The full list of profiles which are included with moodle-browser-config are provided in its own documentation.

The following is a summary of the profiles that most users may be interested in.

You can also provide your own custom profiles, including for remote services such as Browserstack, and Saucelabs, as well as for other browsers supporting the W3C Webdriver specification.

Please note that Safari and Safaridriver are not currently supported as they do not meet the W3C WebDriver specification.

Profile name Description Uses Selenium?

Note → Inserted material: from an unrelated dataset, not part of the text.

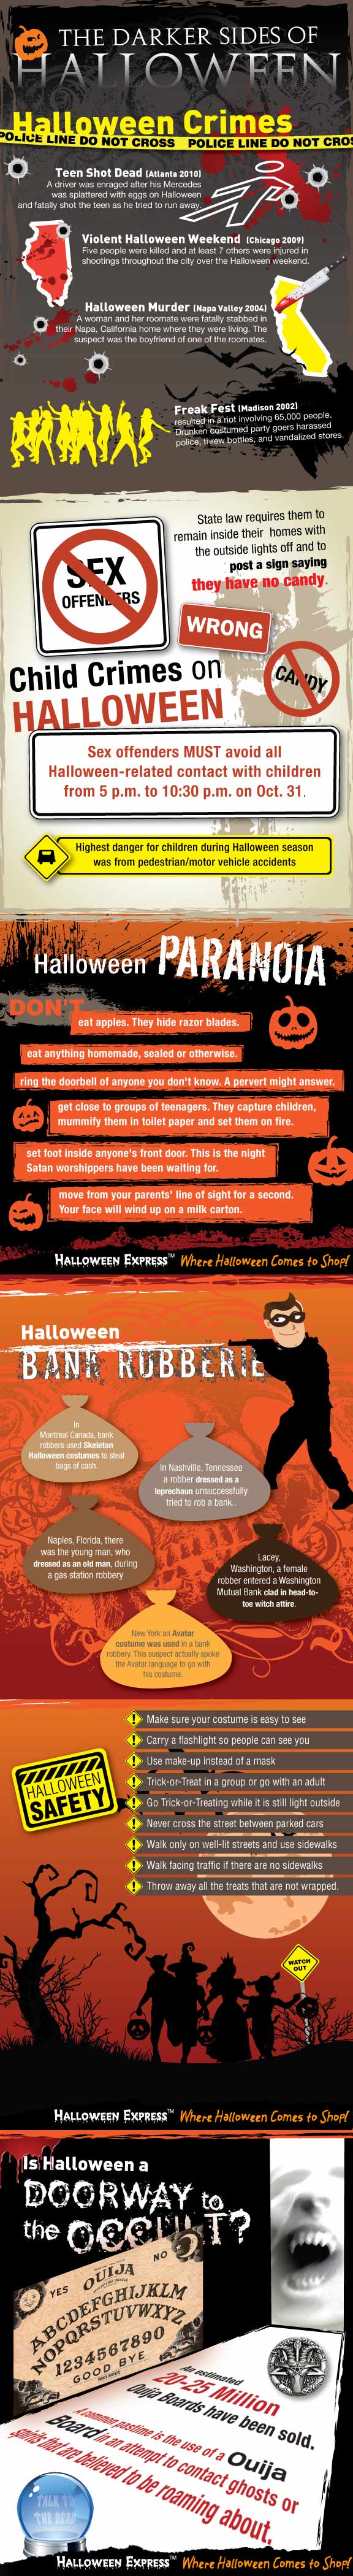 The Darker Side Of Halloween [Infographic]
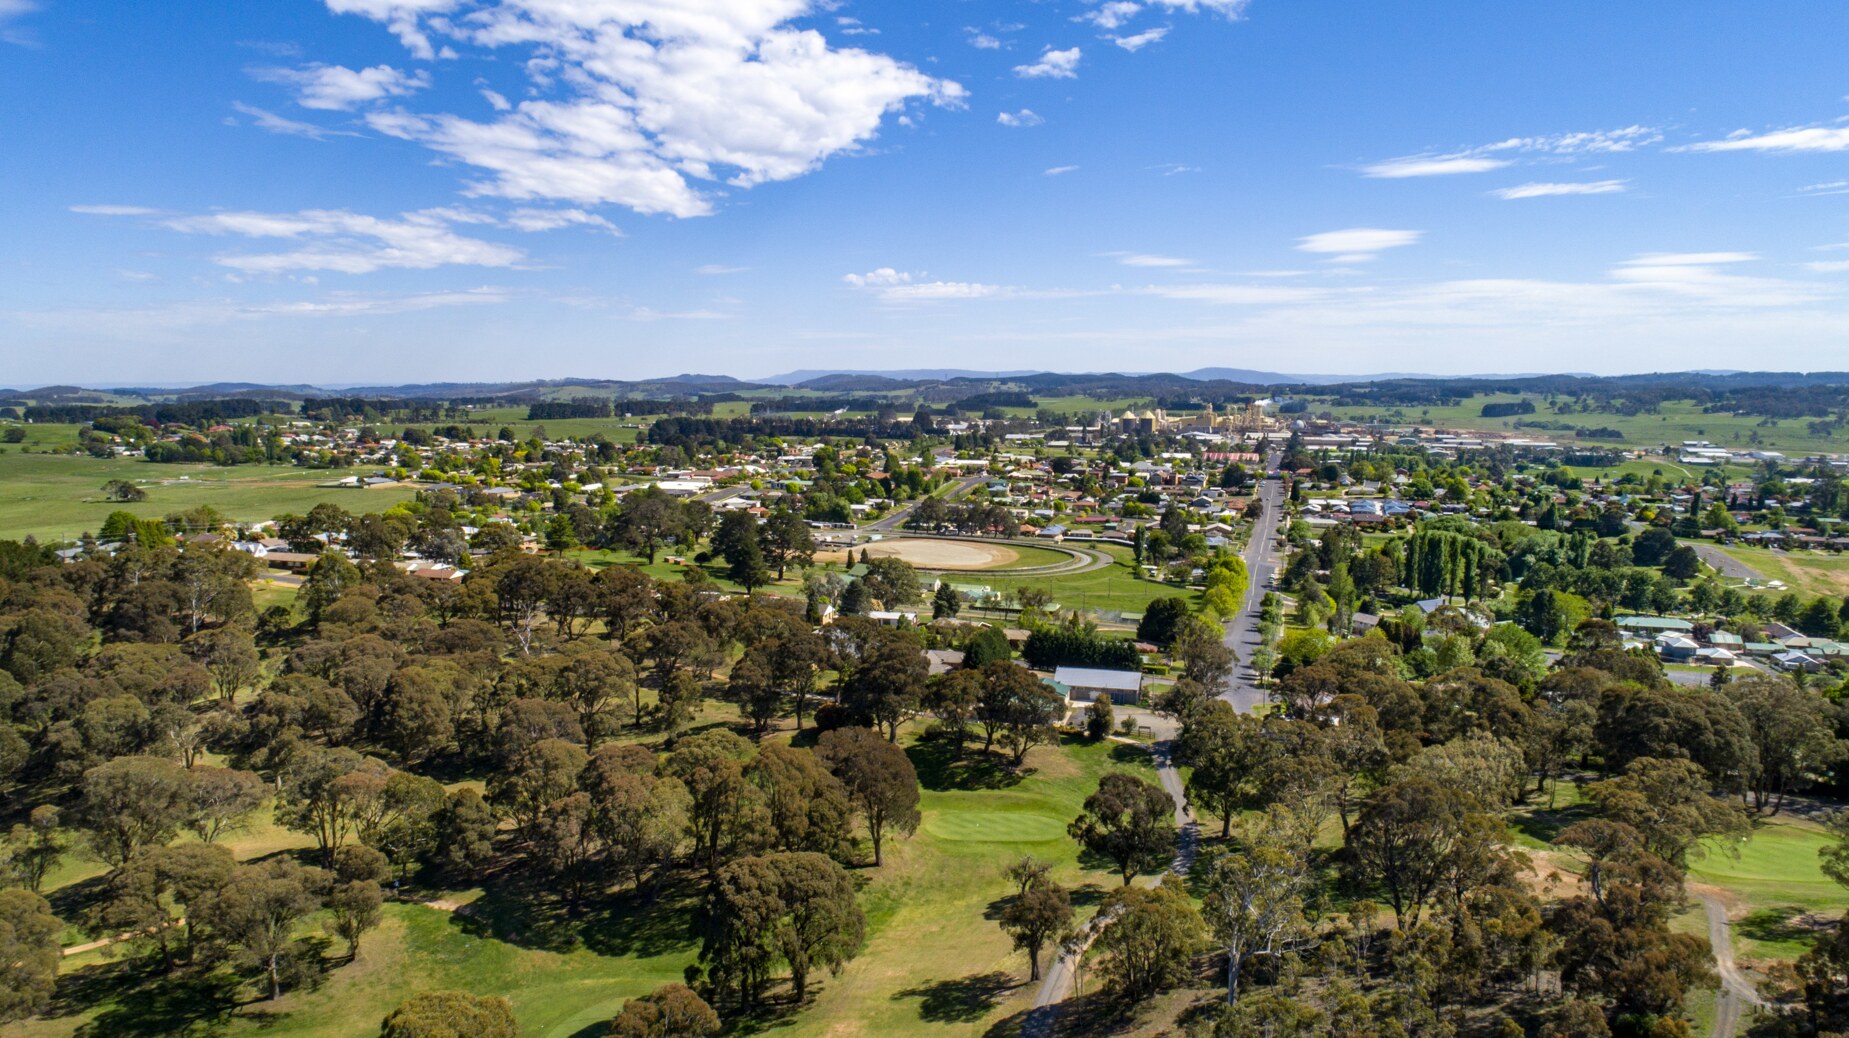 An aerial shot of Oberon town in NSW Central West taken on a sunny day with blue skies

Displays GUI?
firefox Use Firefox via Selenium Yes Yes
headlessfirefox Use Firefox via Selenium, without displaying the GUI Yes No
geckodriver Use Firefox with Geckodriver directly No Yes
headlessgeckodriver Use Firefox with Geckodriver directly, without displaying the GUI No No
chrome Use Chrome via Selenium Yes Yes
headlesschrome Use Chrome via Selenium, without displaying the GUI Yes No
chromedriver Use Chrome with Chromedriver directly No Yes
headlesschromedriver Use Chrome with Chromedriver directly, without displaying the GUI No No
edge Use Edge via Selenium Yes Yes
headlessedge Use Edge via Selenium, without displaying the GUI Yes No
edgedriver Use Edge with Edgedriver directly No Yes
headlessedgedriver Use Edge with Edgedriver directly, without displaying the GUI No No

chromedriver-wrapper

When using Google Chrome, you must use the correct version of the chromedriver browser driver for the version of Chrome that you use.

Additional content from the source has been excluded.